Oil: I like to use heart-healthy olive oil (no need for super expensive extra-virgin olive oil - save that for a use when the flavor of the oil is featured) but any vegetable oil works. A dash of nut oil (walnut, sesame, etc.) can add some depth to the flavor. Olive oil can solidify when it's refrigerated, so be sure to take your vinaigrette out of the fridge 10-15 minutes before dinner (10-15 seconds in a microwave can also do the trick) a quick shake or stir before serving and you will be ready.

Acid: Vinegar will be the main acid (balsamic, cider, red or white wine, sherry, or whatever vinegar you have on hand) Replacing a portion of the vinegar with lemon or other citrus juice is wonderful.

Seasonings: Let your imagination run wild. Some suggestions; salt, pepper, fresh garlic, nuts (I always keep a bag of pecans, walnuts, or almonds in my freezer so that it's easy to pull out 3-4 at a time without worrying about them going rancid), any fresh herbs you have in the fridge, sun dried tomatoes, Dijon or brown mustard, prepared pesto, Romano or Parmesan cheese, etc.

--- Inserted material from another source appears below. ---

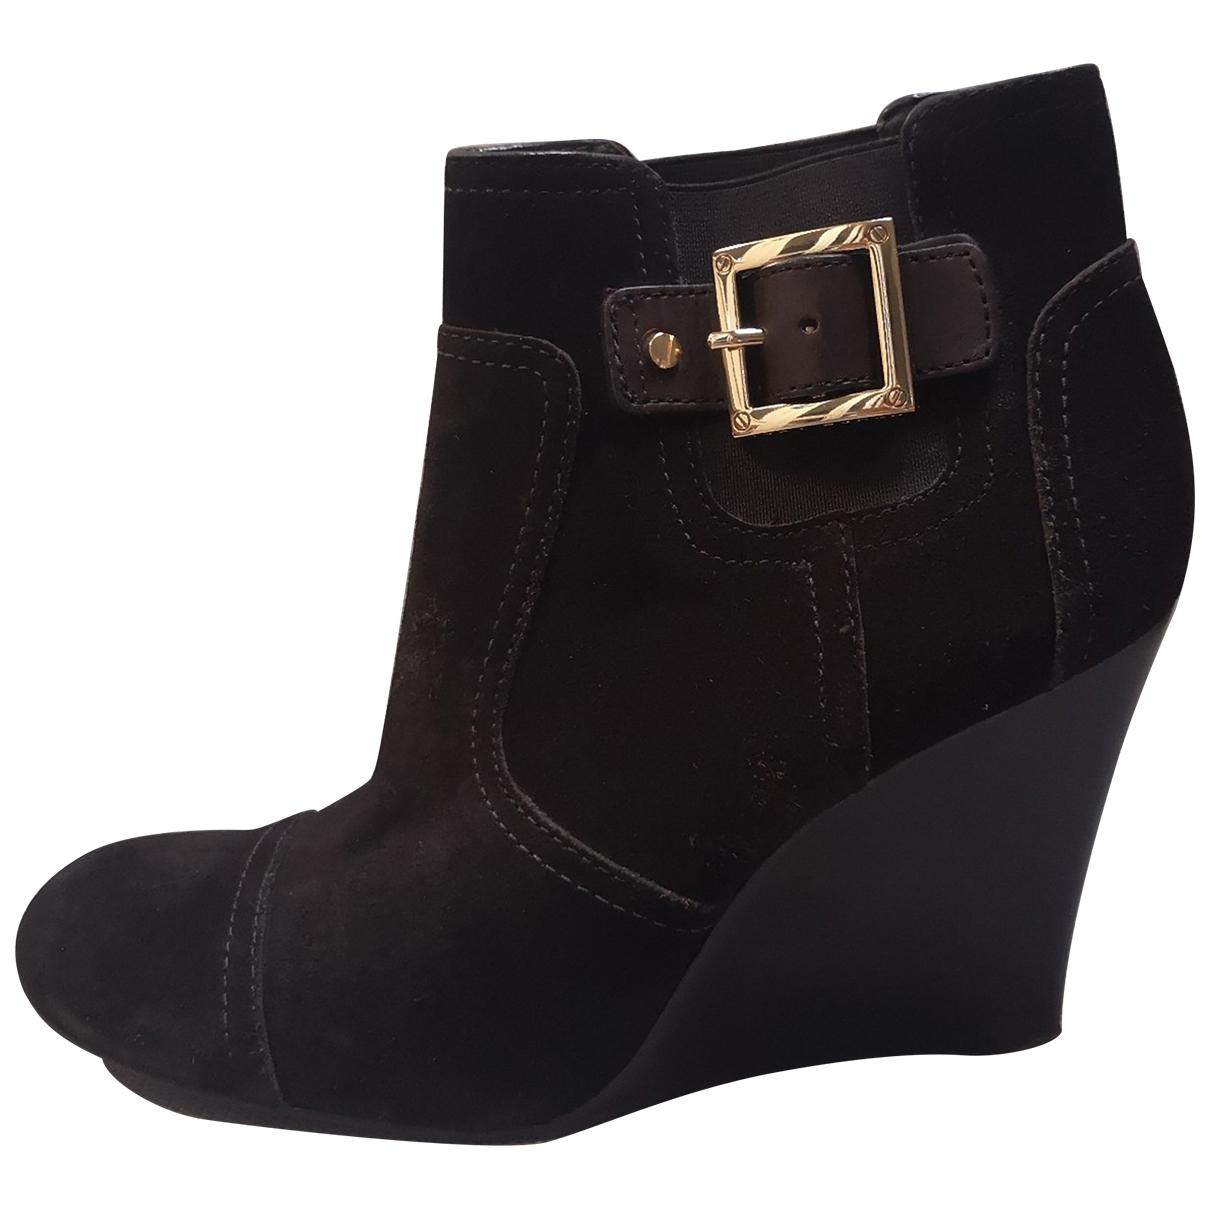 Tory Burch - Boots   pour femme en suede - noir

Here's an example the proportions I typically use:
In a food processor, pulse 1/2 a clove of garlic with three or four almonds until the puree is a uniform consistency.

Then add
1 cup of olive oil,
1/4 cup of red wine vinegar,
1/4 cup of balsamic vinegar,
1/4 cup of lemon juice,
A hand full of fresh parsley,
2 tsp of Dijon Mustard, and
A dash of salt and pepper.

Process the vinaigrette until it has a uniform consistency, and then keep going for about 20 additional seconds to ensure that it is emulsified and will not separate. Then taste it. If it's too tart, add 1/2 tsp of sugar. Adjust any other seasonings to your taste.